Every author has a project they cannot get out of their head, that they keep returning back to over the years, and feel a special sort of drive to finish. Sometimes there is a magnetic sort of inspiration driving your fingers to speed across your keyboard, word processor unable to keep up with your muse (or maybe that is just my slow netbook). Sometimes there is a drought, a dustbowl, a great depression, and nothing comes out but frustration.
I definitely know the feeling.
Mikara Falling was a book I started in the Fall of 2004, while I was too bored to concentrate on balancing chemical equations and the safety hazards of white phosphorus. It started with a few sheets of lined paper and a pen that was dodgy with its ink expenditure.
Originally, it was called “Knights of Mikara” and centered around the knighthood based on the mostly water planet of Mikara. There were four orders of the knighthood, and none of them got along too well, nor did the three races of Mikara. At that point, I had no idea what it was going to be about.

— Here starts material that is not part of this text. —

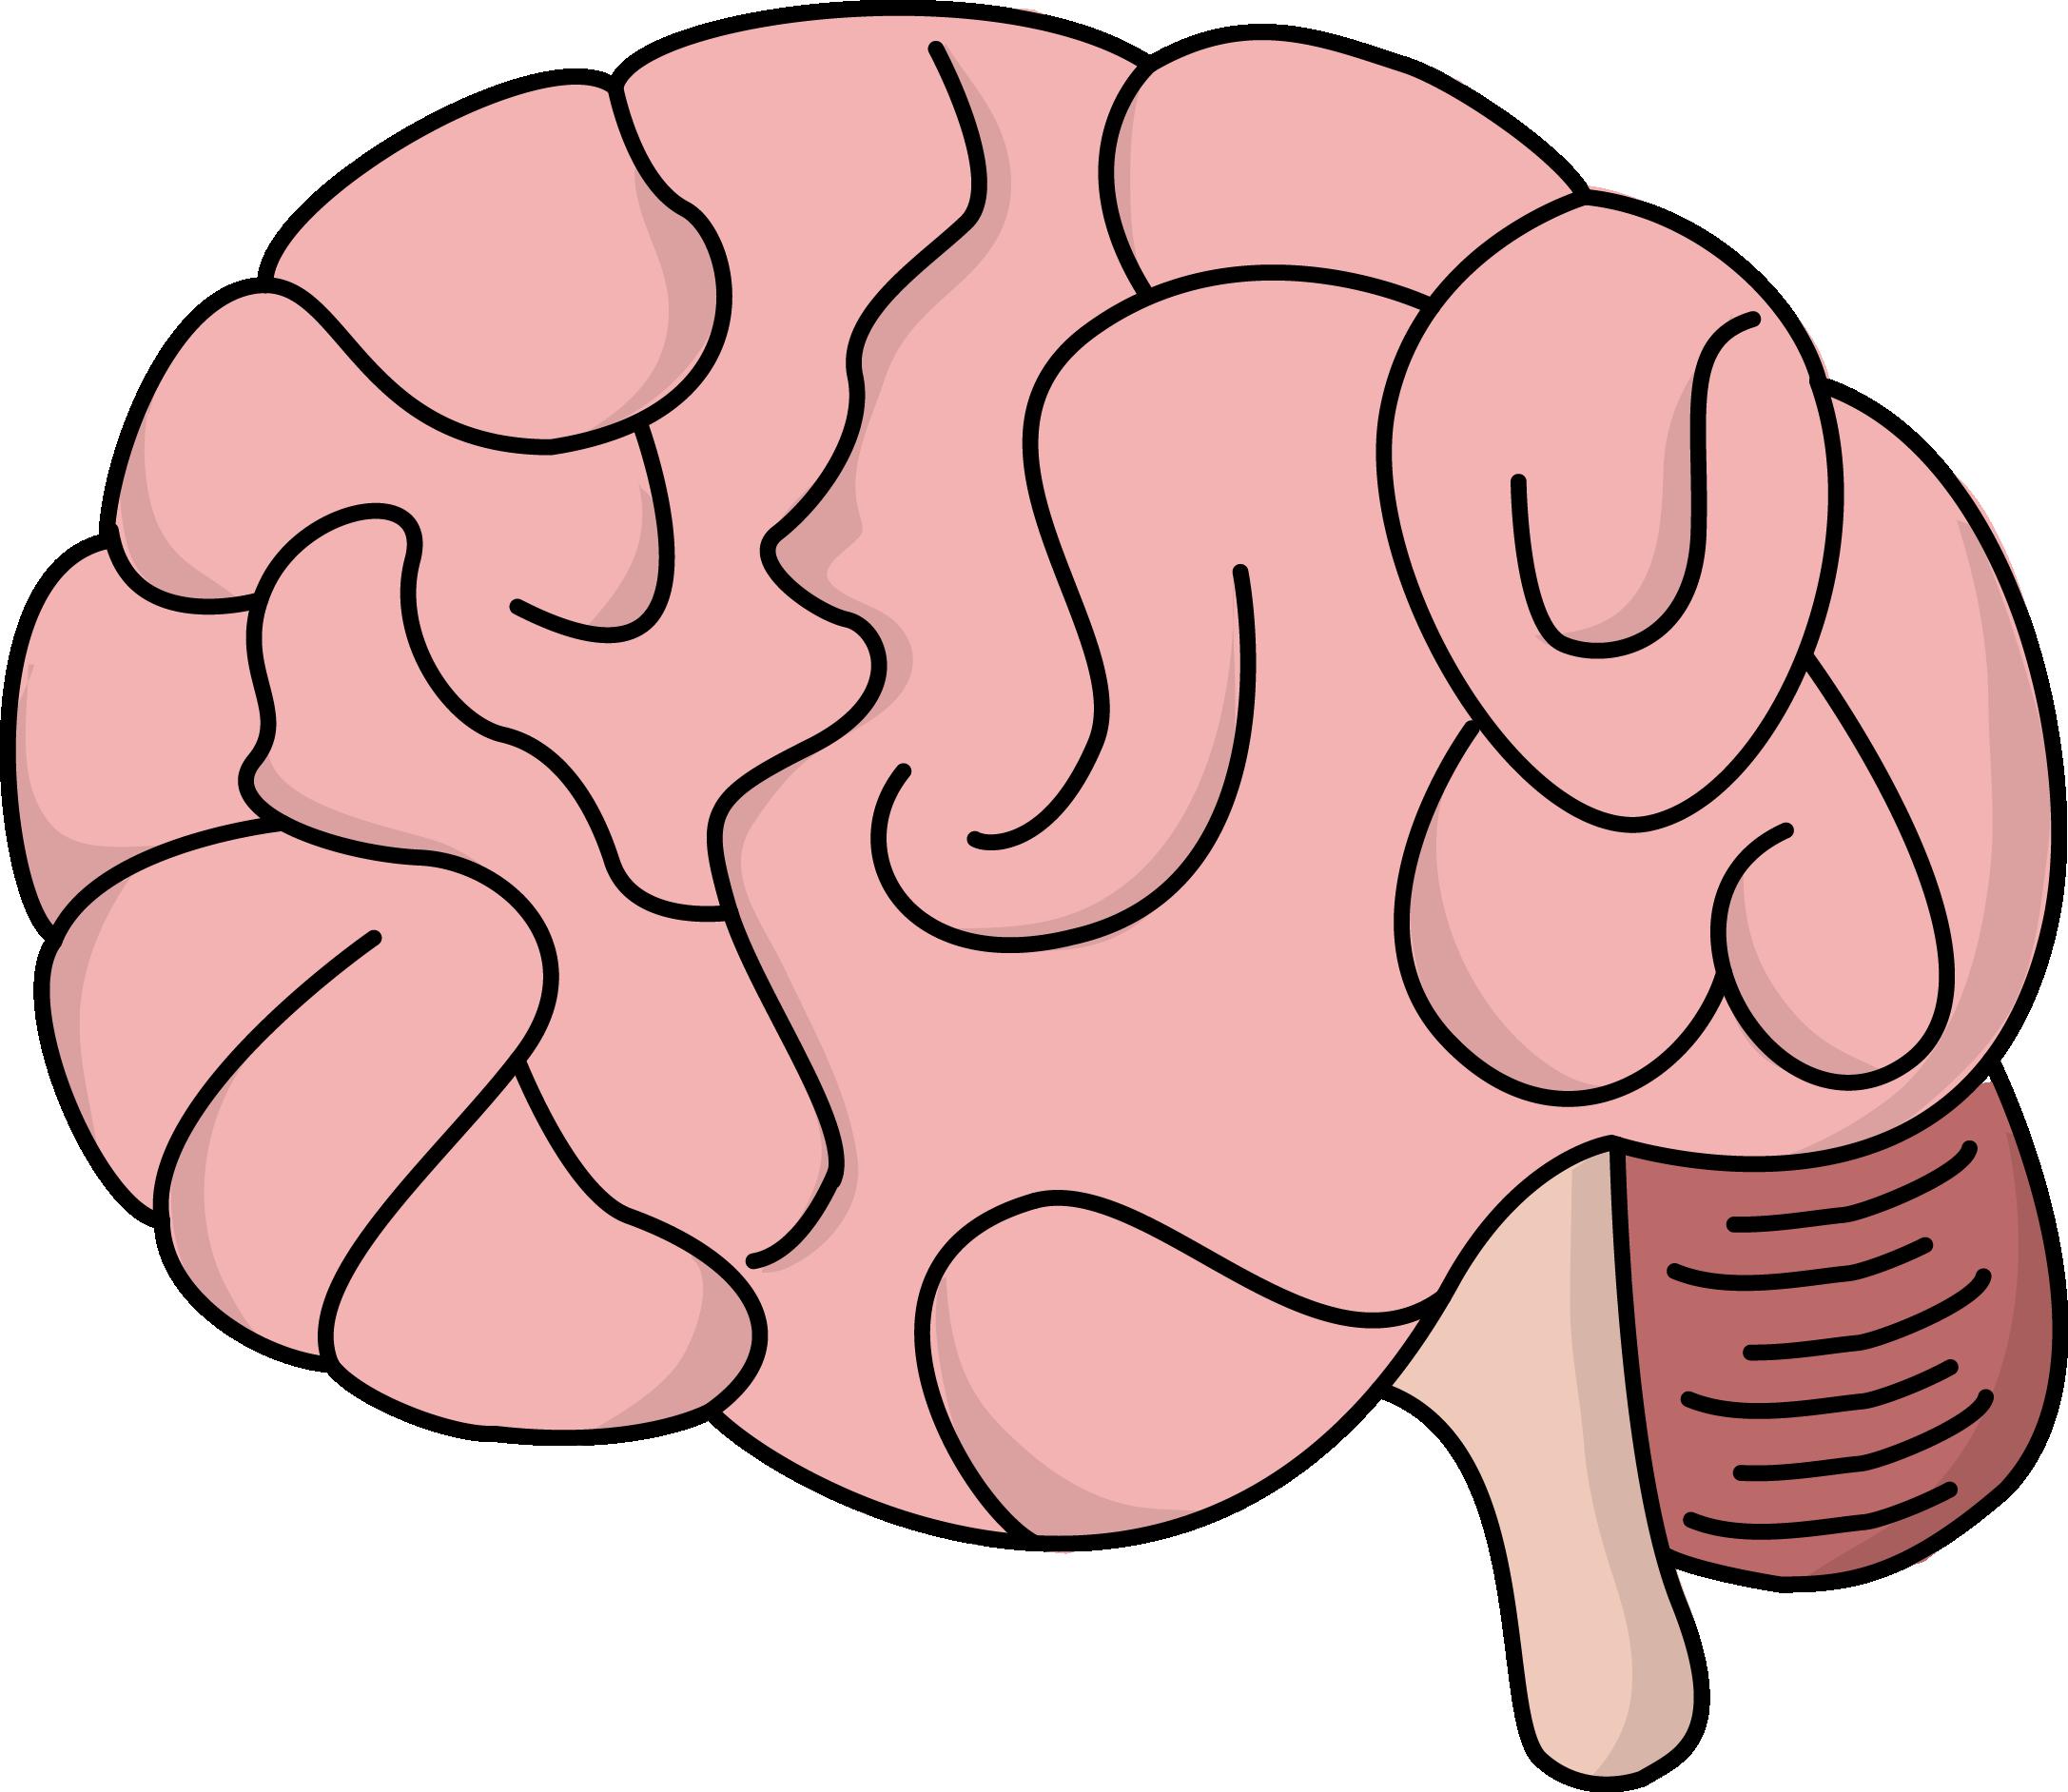 Brain clipart #733 Brain art — Clipart

I started writing about the leaders of each order, how they interacted with each other, etc, and suddenly a religion, known only as the Church, appeared.
Almost immediately I scrapped that first draft and started a new one.
The next draft started with storms raging across Mikara, worrisome, frightening, and the leaders of the orders of the knighthood had to investigate them, and find out what was wrong. Boring, but a start, I suppose. I introduced a man who was Mirra, a race no longer on Mikara, and suddenly I was discovering long abandoned technology on the jungle islands of Mikara, as well as an ancient evil which was hunting down the last Mirra.
I scrapped that draft before finishing it, too.
The same happened with the next one, though more and more was emerging each time. I was getting further into the story each time.
The fourth draft was where the story soared, literally. It was peppered with the old metal cities of the Mirra, now floating on the dark waters of Mikara thought they once soared the skies. There were dark, foreboding island forests, ancient cathedrals, and the lone Mirra was part of the mysterious Church. Slowly, everything was taking shape.
After one major revision on that draft, I decided it was time to submit it to a publishing company or two.
First I sent Mikara Falling to DAW Books. They are still family owned, though they are part of Penguin now, and encourage non-agented authors to submit. They also gladly publish new authors every year. I was excited. One month after submitting to them, I received a long letter back detailing that the economy was bad, it was hard to break out a new author, and that my writing was good, but needed a little work, so try try again.
Next, I sent it to Tor. Tor has changed hands a few times in the recent past. They are a bigger company, and really do love those agented authors, though they do accept authors without agents. They do not publish as many premier authors, either.
Despite that, I had my hopes up, until four months later when I received a four line letter, unsigned, stating that they did not want my piece, nor would they respond personally, bye.
It was disheartening, I will admit.
At that point, I put Mikara Falling down. It was already spring of 2009. I was starting to do more and more screenwriting, looking more to cinema for my inspiration and canvas than the novel.
Sometime, when talking about National Novel Writing Month (put on every November by the amazing Office of Letters and Light; and I don’t just say that because I am a Script Frenzy ML) in early 2010, Mikara Falling came up. I had not really thought about the project at all since I received that letter back from Tor Forge Books. I had stopped drawing artwork about the book, stopped talking about the book, stopped listening to the music I associated with writing the book itself.
For all intensive purposes, Mikara Falling was dead to me.
And yet, when I started talking about it, I felt a clenching in my heart, a tightening of my throat, and I knew, then and there, that I was still in love with the world of Mikara, the story of Mikara Falling, the characters, everything about it. This was a story that I needed to tell.
That was when I picked my proverbial pen back up and started writing again. That was in late May, early June, of 2010, just a few short months ago.
When I fly through the clouds with Bierrez and his fellow knights, I find myself smiling with delight. When I return to the cathedral of Mit’riku, I am filled with awe and wonder. And that is what I want the reader to feel as well.
I am not just writing a book about a place that has events and people. I am bringing the reader on a breathtaking adventure through a tale of duty, honor, sacrifice, and what happens when none of those are fulfilled.
Today, I broke the 50,000 word mark. The last draft was 107,000 words, approximately, but I have done a ton of work on my sentence structures, on flow and mood and tone, and weeded out the scenes that do not matter versus the ones which propel the storyline forward.
Hopefully, I will have this fifth draft of Mikara Falling polished and in a box, on its way to New York City to visit the slush pile readers at DAW Books again. And, hopefully, they will fall in love with Mikara just as I have all over again.